DEPRECATED in favor of [JuliaData/Arrow.jl](https://github.com/JuliaData/Arrow.jl)
Other
56 stars 9 forks source link

actions required for IPC use cases? #2

Open davidanthoff opened 6 years ago

davidanthoff commented 6 years ago

I know you are just starting on the writing case, but here is one thing I've been thinking about for a while: it would be really, really neat if this could be used for inter-process communication between julia and nodejs processes. In particular, I have a whole bunch of scenarios where I have tabular data on the julia side that I want to then process in a nodejs process with javascript. There is a full typescript implementation of arrow, so I kind of have this vision where it might be feasible to either send an arrow thingy as messages via a pipe over into javascript land, or maybe even via some shared memory region. I'm quite hazy about the details of that, but thought I'd bring it up at this point.

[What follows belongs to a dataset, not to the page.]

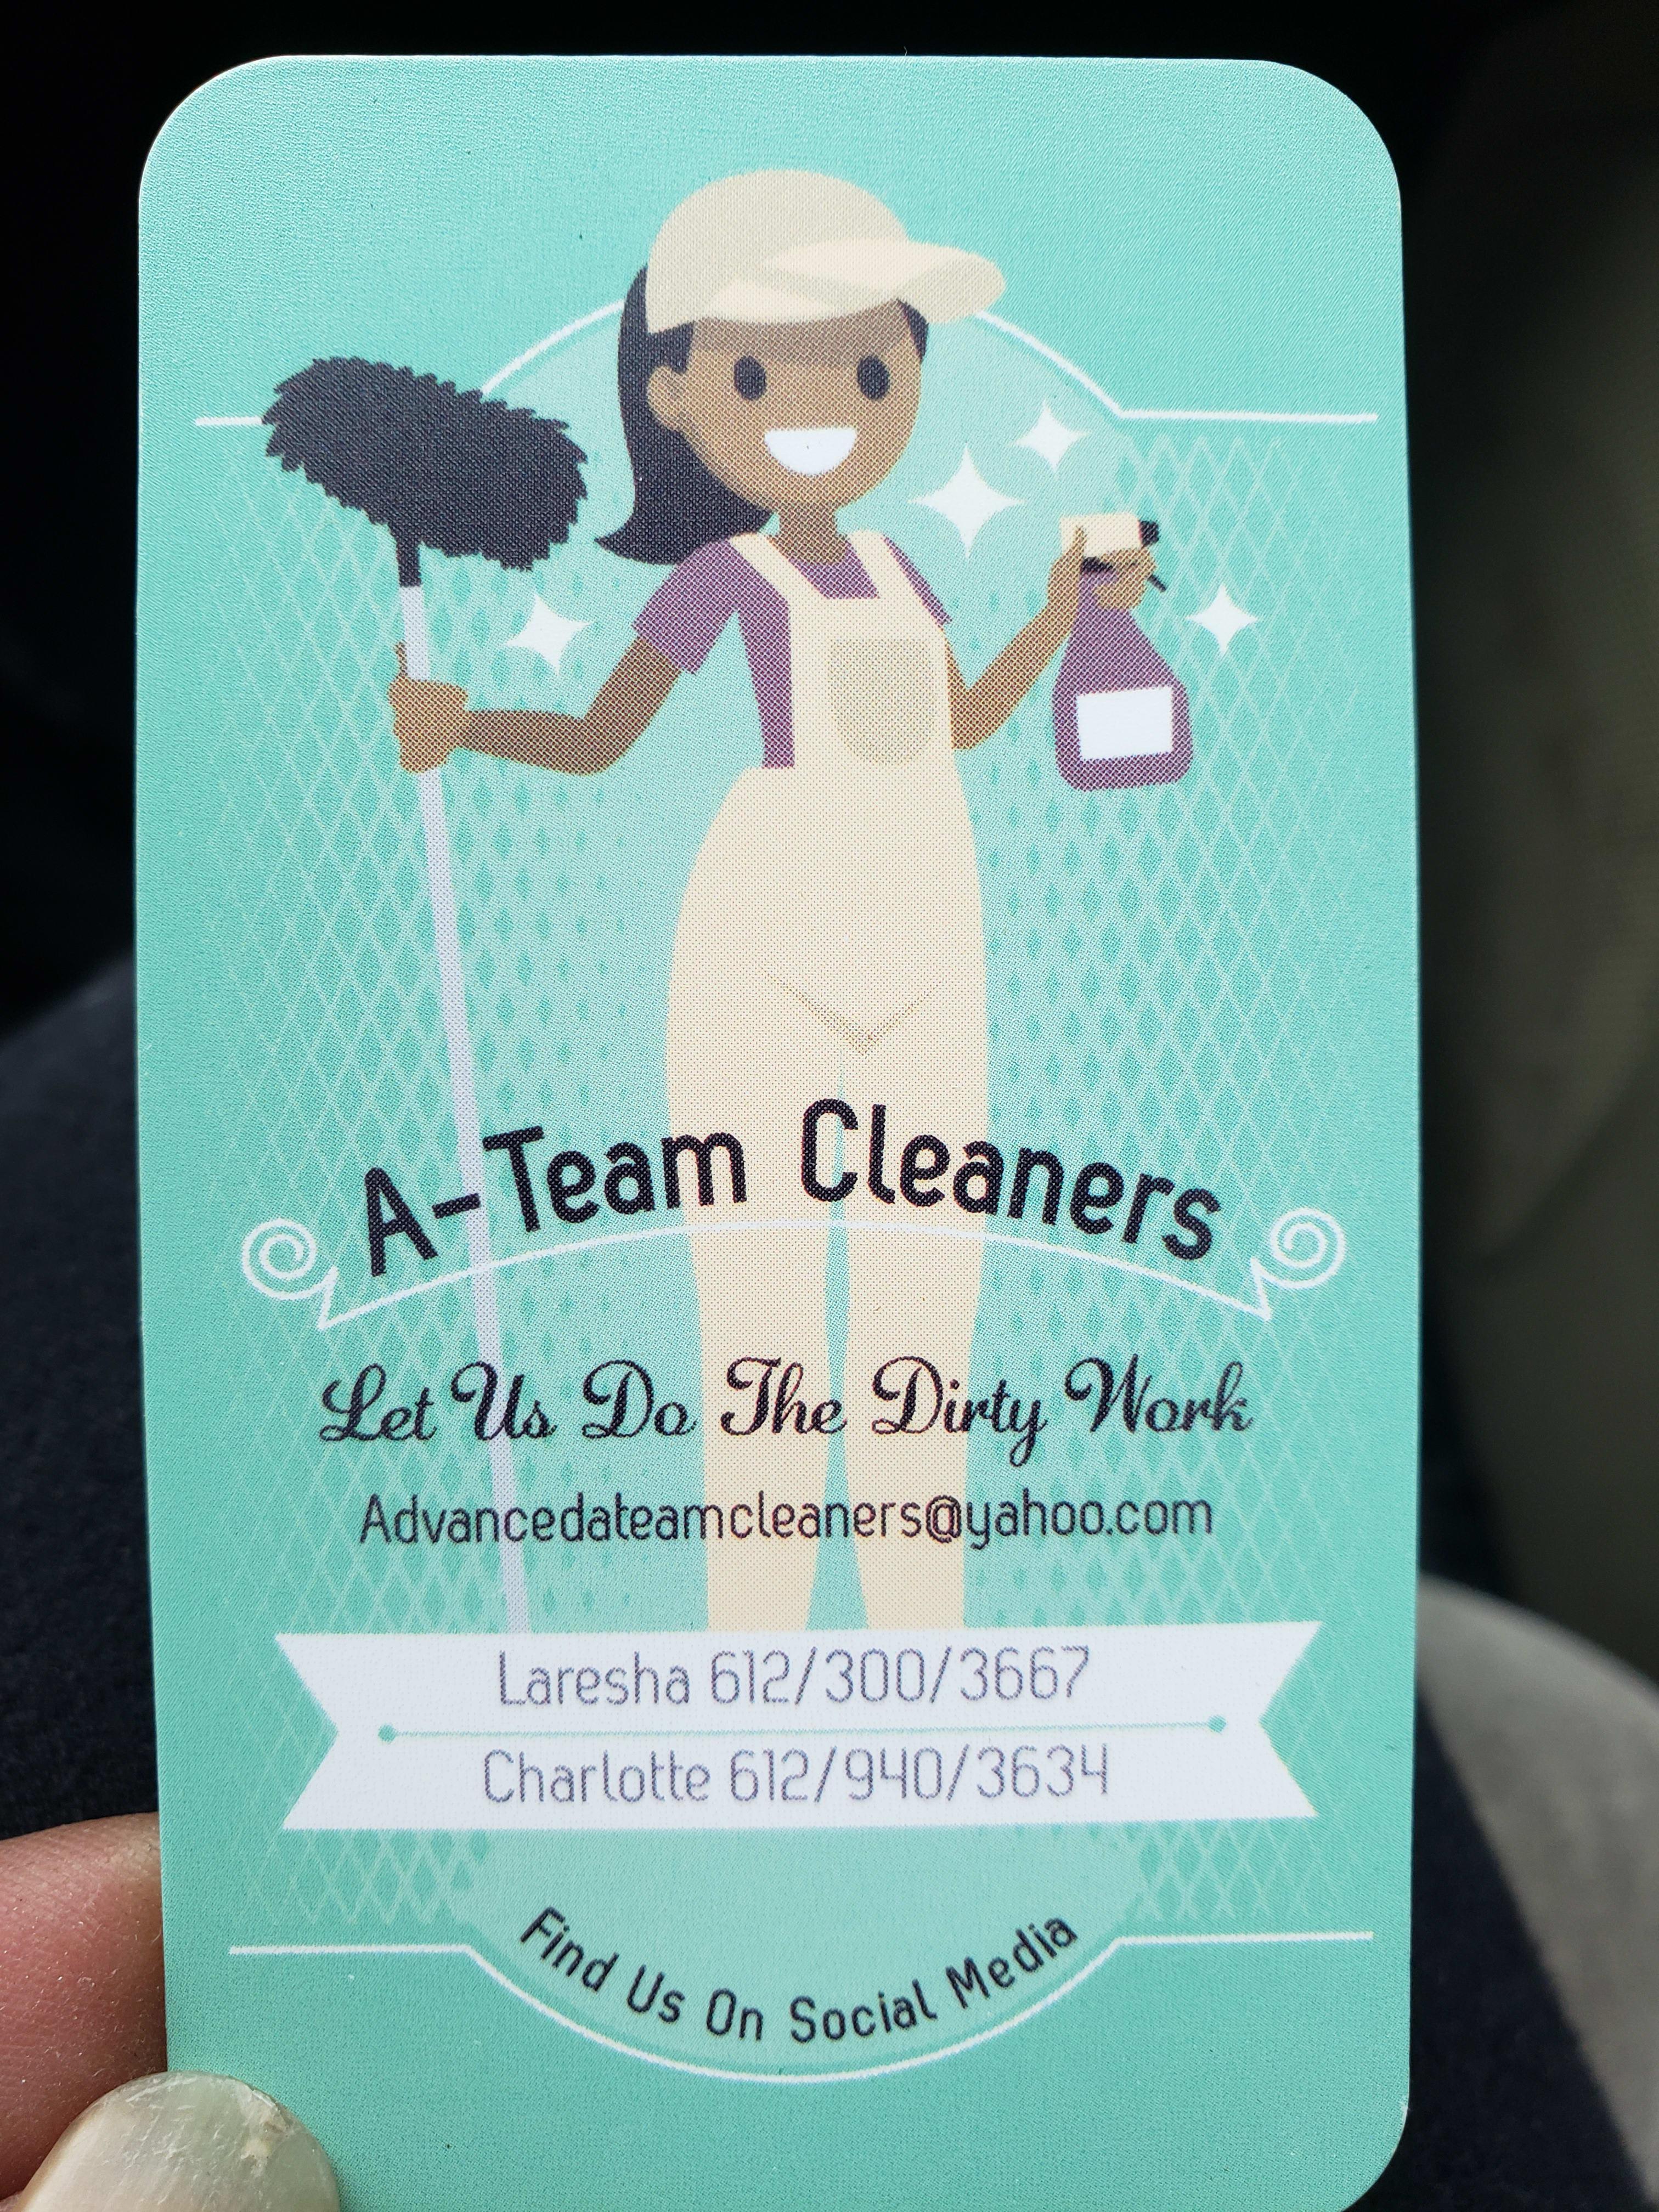 A-Team Cleaners LLC
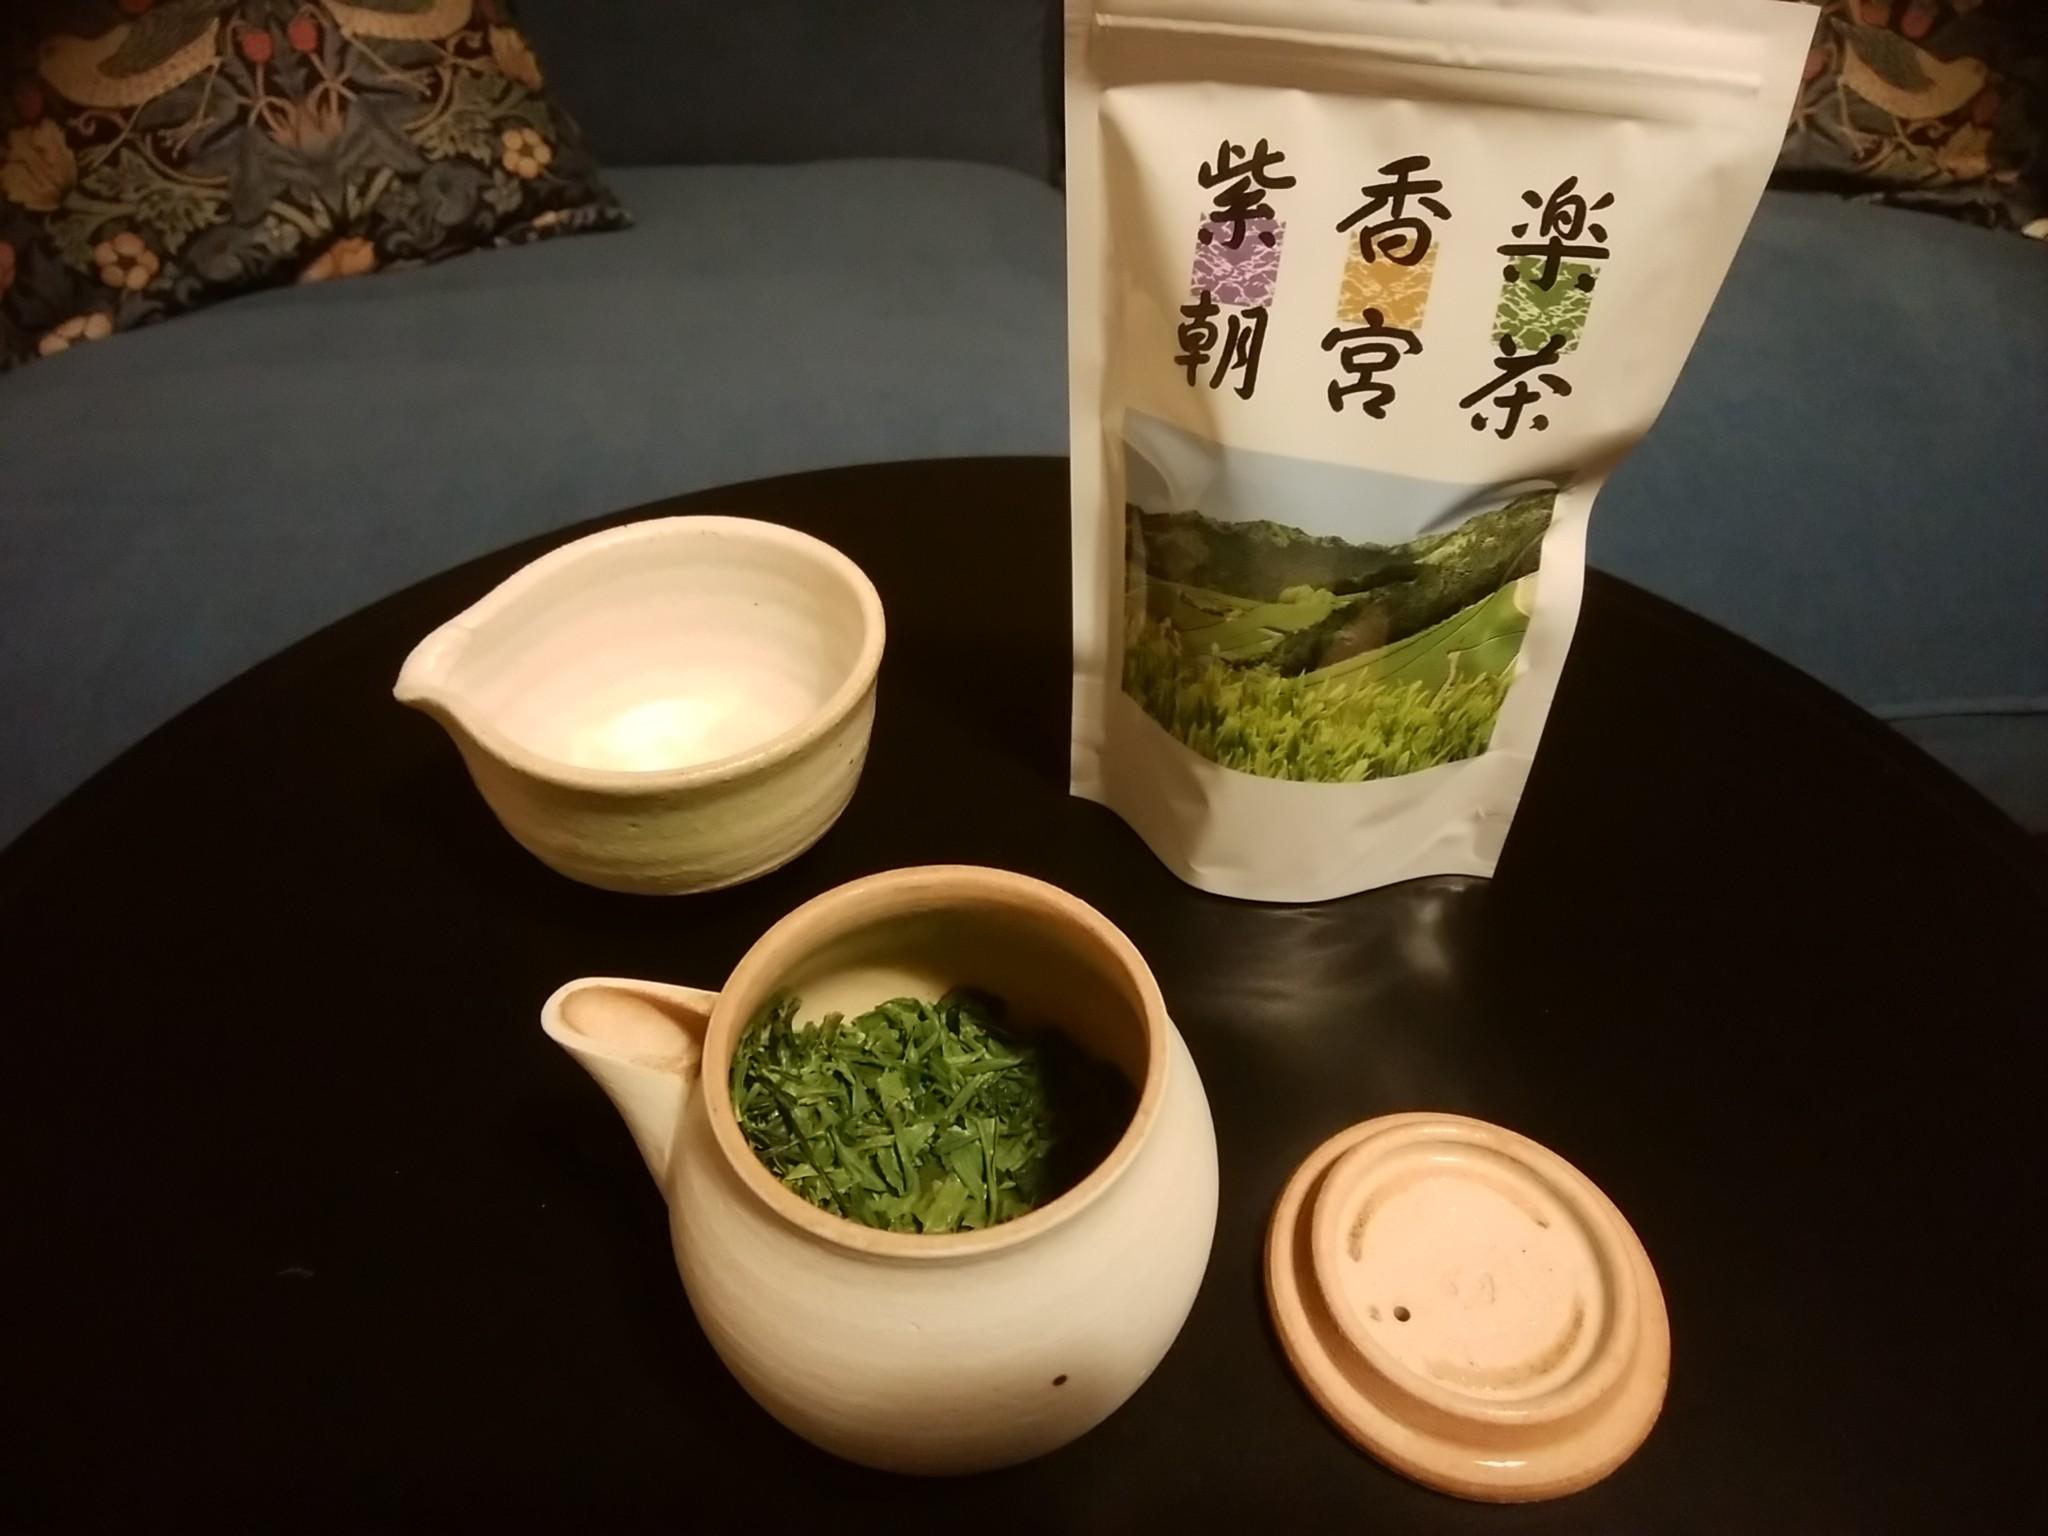 #ハードル高いと思われがちな煎茶の楽しみ方~器から食べ方まで~

ExpandingMan commented 6 years ago

I definitely hope to be able to do things like that. As the design is currently, all you really need is a pointer to a buffer containing binary data in Arrow format. Except in the simplest cases, there would be a little bit of overhead to making Julia arrays readable in Arrow format. In particular, Julia does typically store nullable arrays in the Arrow format (although one could of course create a Julia object that does so). Of course the simplest way around this would be to copy data from Julia arrays into an array in the arrow format, but obviously the copying is quite undesirable. The only alternative I could see would be to create objects that e.g. contain both references to the Julia array you want to send and a new buffer containing Arrow formatted metadata such as nulls. Fortunately, as Arrow.jl is right now, one needn't necessarily store all parts of an Arrow array in only one particular Julia object, so I don't think this case would require any rethinking of what I've already written.

The one thing that I am extremely confused about right now is whether there is any sort of metadata standard format that is part of Arrow and not a particular implementation such as Feather. I think the answer is basically no, although there seems to be some standard associated with sending messages like you described.

In summary, I don't think I understand everything that would be involved in sending inter-process messages using Arrow, but I'm reasonably sure we are on track to eventually be able to do that. Once I finish the basic implementation I can worry about how to describe Julia objects in an arrow format.

(I'll try to write the README tomorrow, if you become concerned that anything I'm doing would be incompatible with this use case, please let me know.)